Today, Synar remains unfazed by the lobbying pressure; in fact, he accepts it as a normal part of the political life in the nation's capital. "If you don't want to put out fires, don't be a fireman," he explains. "If you don't want to vote on tough issues, don't be a congressman." U.S. legislators, as Synar points out, must learn to handle lobbyists; otherwise, they will be at a disadvantage when it comes to playing the biggest political game in town.

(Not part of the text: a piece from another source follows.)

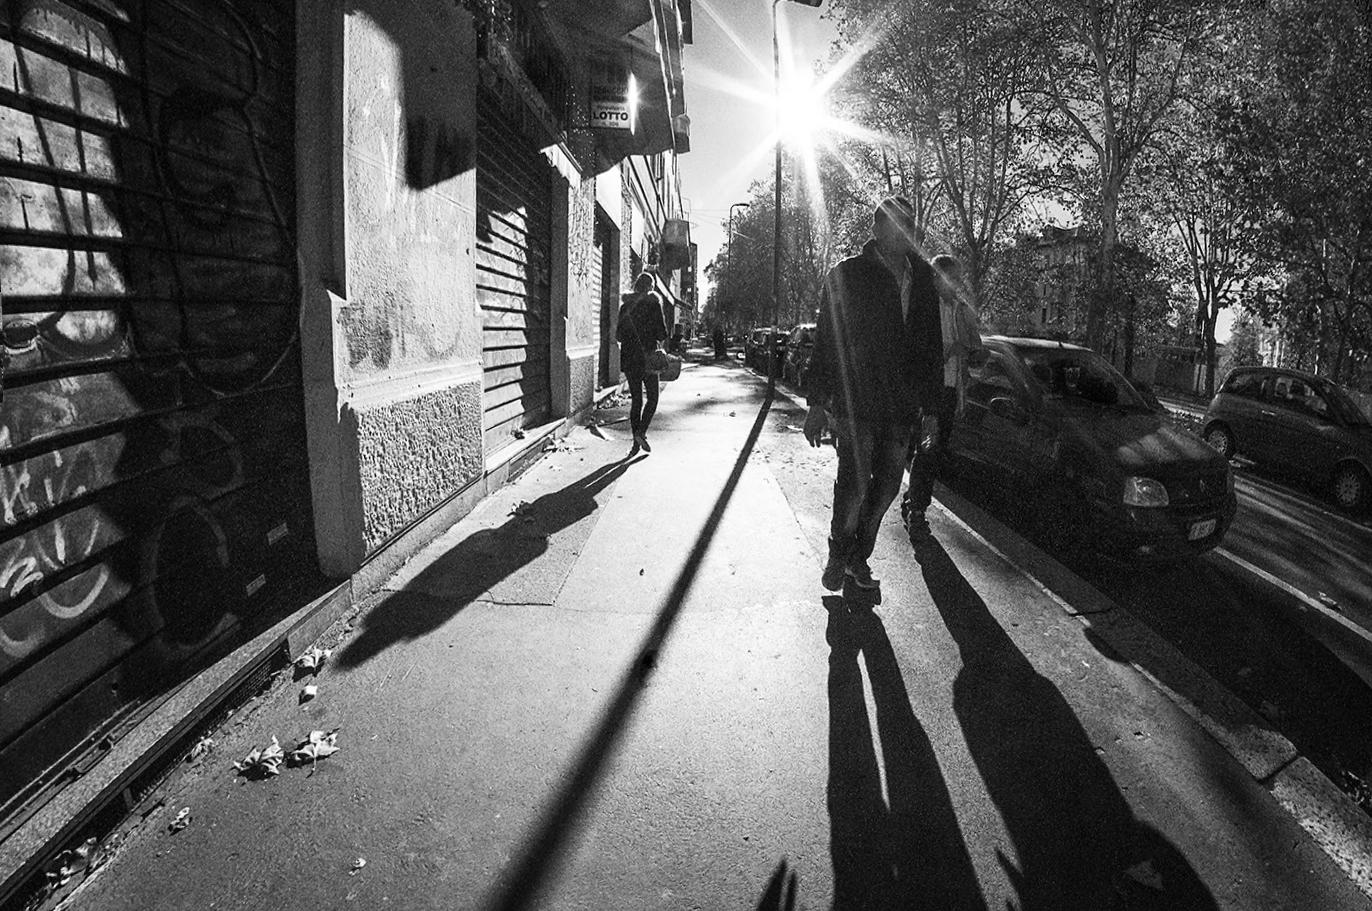 MILUNA-Ewa-Milun-Walczak-Mediolan-ludzie-ulica-przechodzni-mediolanczycy-Przechodnie-17

Lobbying is an important way to get their agendas through Congress, spokespersons for industry and the environmental community say. "We have to lobby and deal directly with Congress to get them to consider the ideas we think will make good environmental policy," explains Bill Roberts, environmental director for the Environmental Defense Fund (EDF) and the organization's chief lobbyist. "Just writing a report or producing a think piece is not going to do it."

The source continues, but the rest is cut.